You will soon realize that you need a second one. You wife will take over your current one.


----------



## John Corn (Mar 21, 2002)

Is this your first TiVo/PVR?


----------



## Karl Foster (Mar 23, 2002)

> _Originally posted by Curtis0620 _
> *You will soon realize that you need a second one. You wife will take over your current one. *


I'll second that! My first one got filled up with my wife's stuff, that I ended up buying another one for the rest of the family. Pretty soon, you'll be upgrading hard drives, and turning in to a total techno-geek.


----------



## rolou21 (Apr 4, 2002)

I have to admit after dumping cheap charlie and getting the multisat dish along with the hdvr2.....I will never turn back. I am so happy I made the right choice....Even the fan noise is sooooo
quiet and the unit did not crash or miss any timers (now almost 3 weeks)....if you want the yes network.......SWITCH!


----------



## keeneking (Feb 4, 2003)

This is my first TIVO recorder and first time with satellite. I did the install myself. Pointing the dish correctly was the hardest part. I still need to fine tune the dish. It rained the first day and I got some major rain fade on some channels...HBO, locals, etc...Sat strength is currently at 68%. During set up it showed a peak at 94%. I hoping a stronger signal with proper pointing will ease the rain fade. Either way, I am working the recorder fairly hard...20+ recordings a day. If it rains I will just watch my Now Playing List. It is an incredible toy! My neighbor came over and played with it for 20 minutes and then he drove straight to BestBuy and bought a HDVR2. Another lost cable subscriber!


----------



## Bill D (May 11, 2002)

Where are some of the bset deals going now for new D subscribers with the tivo, I have a 721 now and am looking to switch to get YES..
I assume still no UHF remote with the Tivo??, and how many hours does it record. I'm sure info is elsewhere but since we are on the topic..
thanks


----------



## Karl Foster (Mar 23, 2002)

> _Originally posted by rolou21 _
> *....if you want the yes network.......SWITCH! *


...or NFLST or MLBEI as well...


----------



## keeneking (Feb 4, 2003)

The best deal I found was $199 (HDVR2 + 18" round dish) at BestBuy in store only purchases. BestBuy also gave me a $50 mail in rebate. I have read in other posts that some Tweeter stores were offering excellent deals if you ask, but they were not advertising them.

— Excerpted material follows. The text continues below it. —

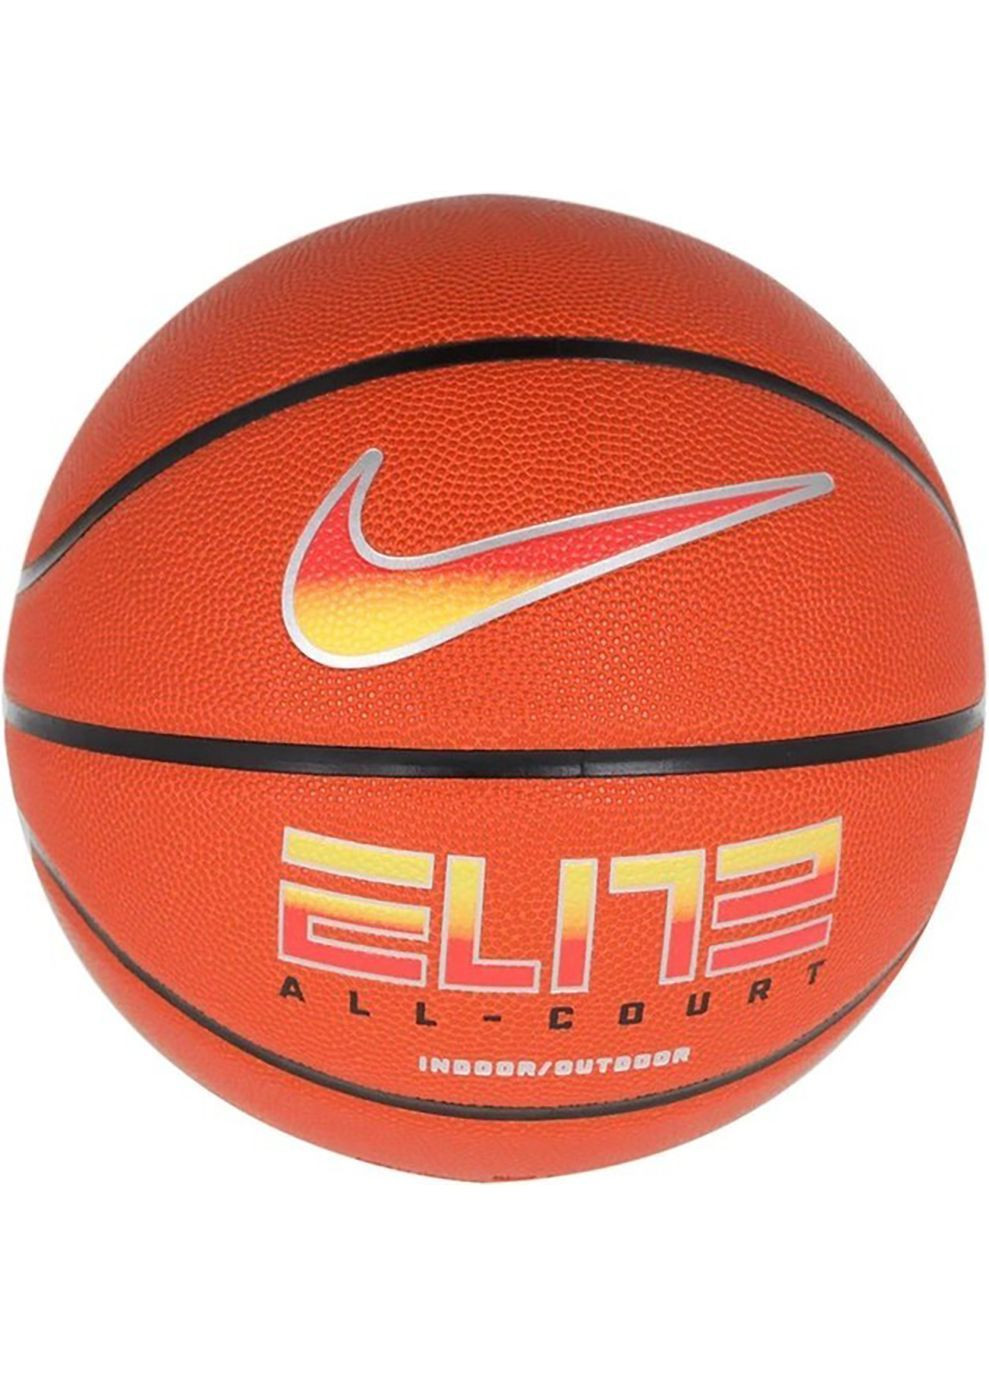 М'яч баскетбольний ELITE ALL COURT 8P 2.0 DEFLATED помаранчевий Уні 7 Nike (282317873)
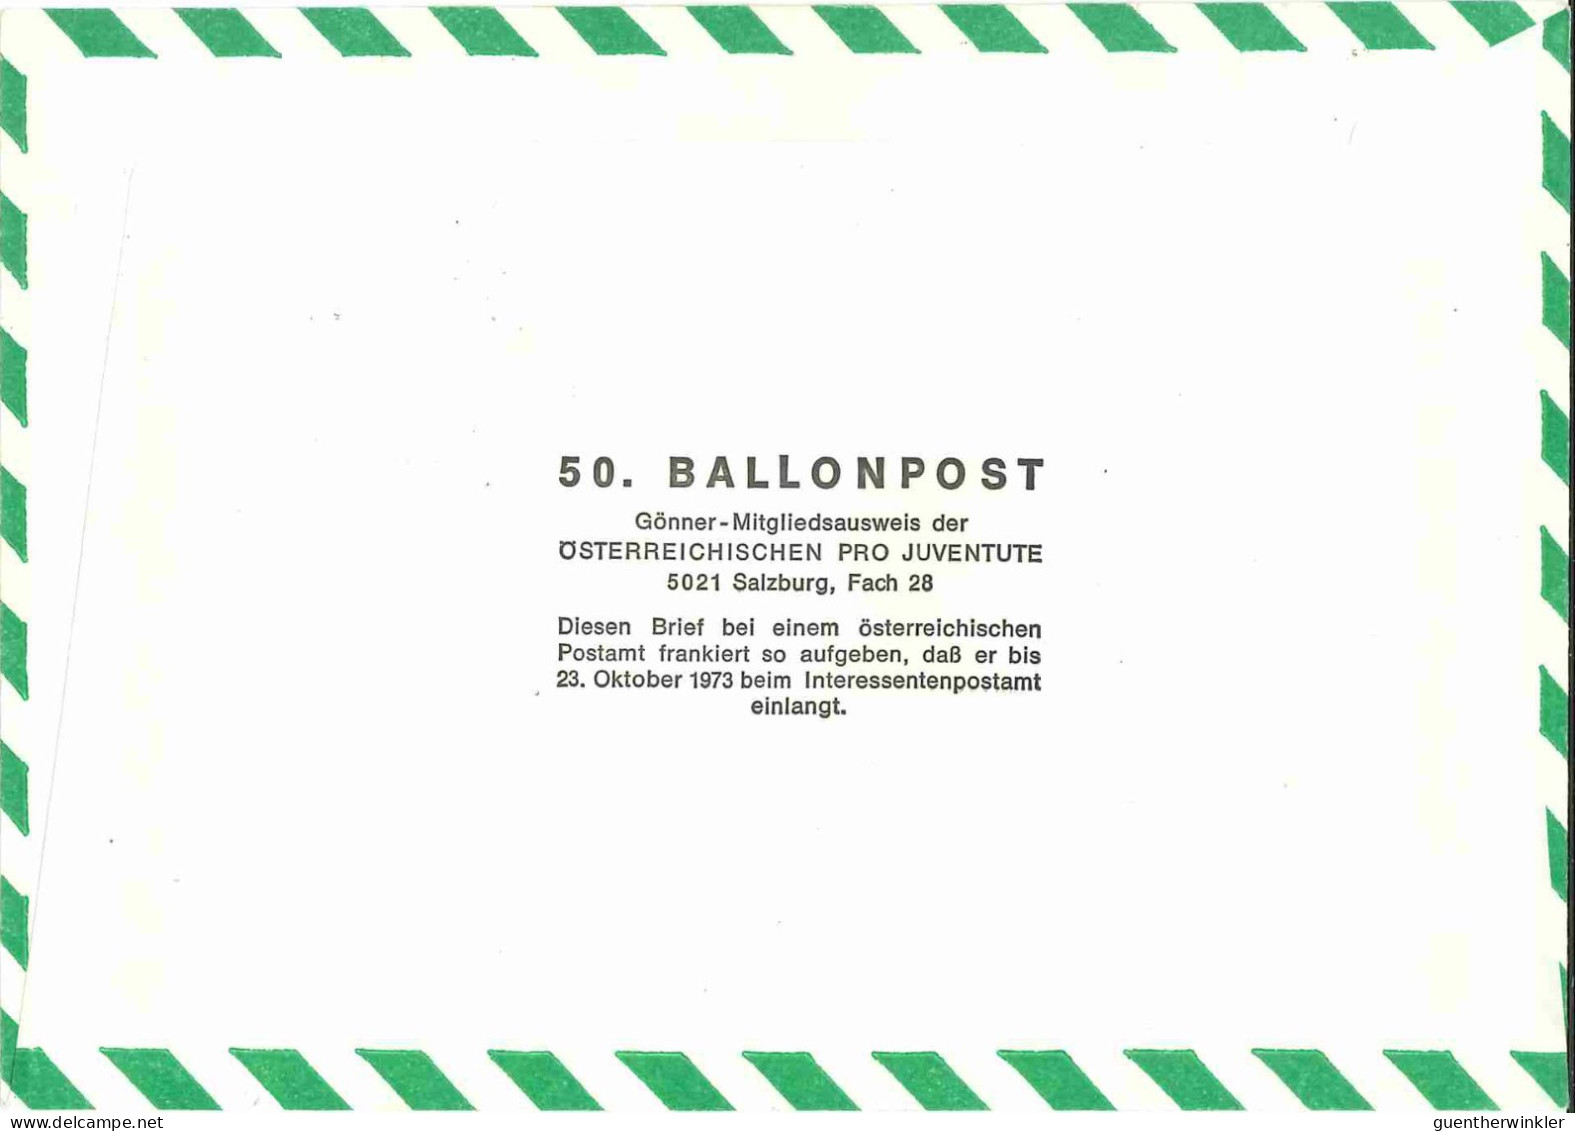 Regulärer Ballonpostflug Nr. 50d Der Pro Juventute [RBP50b] - Par Ballon

The HDVR2 box says 40 hours recording, but others say 35 hours is more accurate. www.weakness.com sells modified HDVR2 units with larger hard drives or kits that can help you do the mod yourself. DTV is still offering 3 months of free HBO & Cinemax for new subscribers if you activate by April 15th. No UHF remote standard.


----------



## EricG (Mar 28, 2002)

Do you have a kid? You may need 3 !


----------



## huskerhead (Oct 27, 2002)

Ultimate Electronics in Des Moines is offering the HDVR2 and a Samsung unit with a triple LNB for $249.00 after $100.00 rebate. they also are throwing in a $25.00 gift card.


----------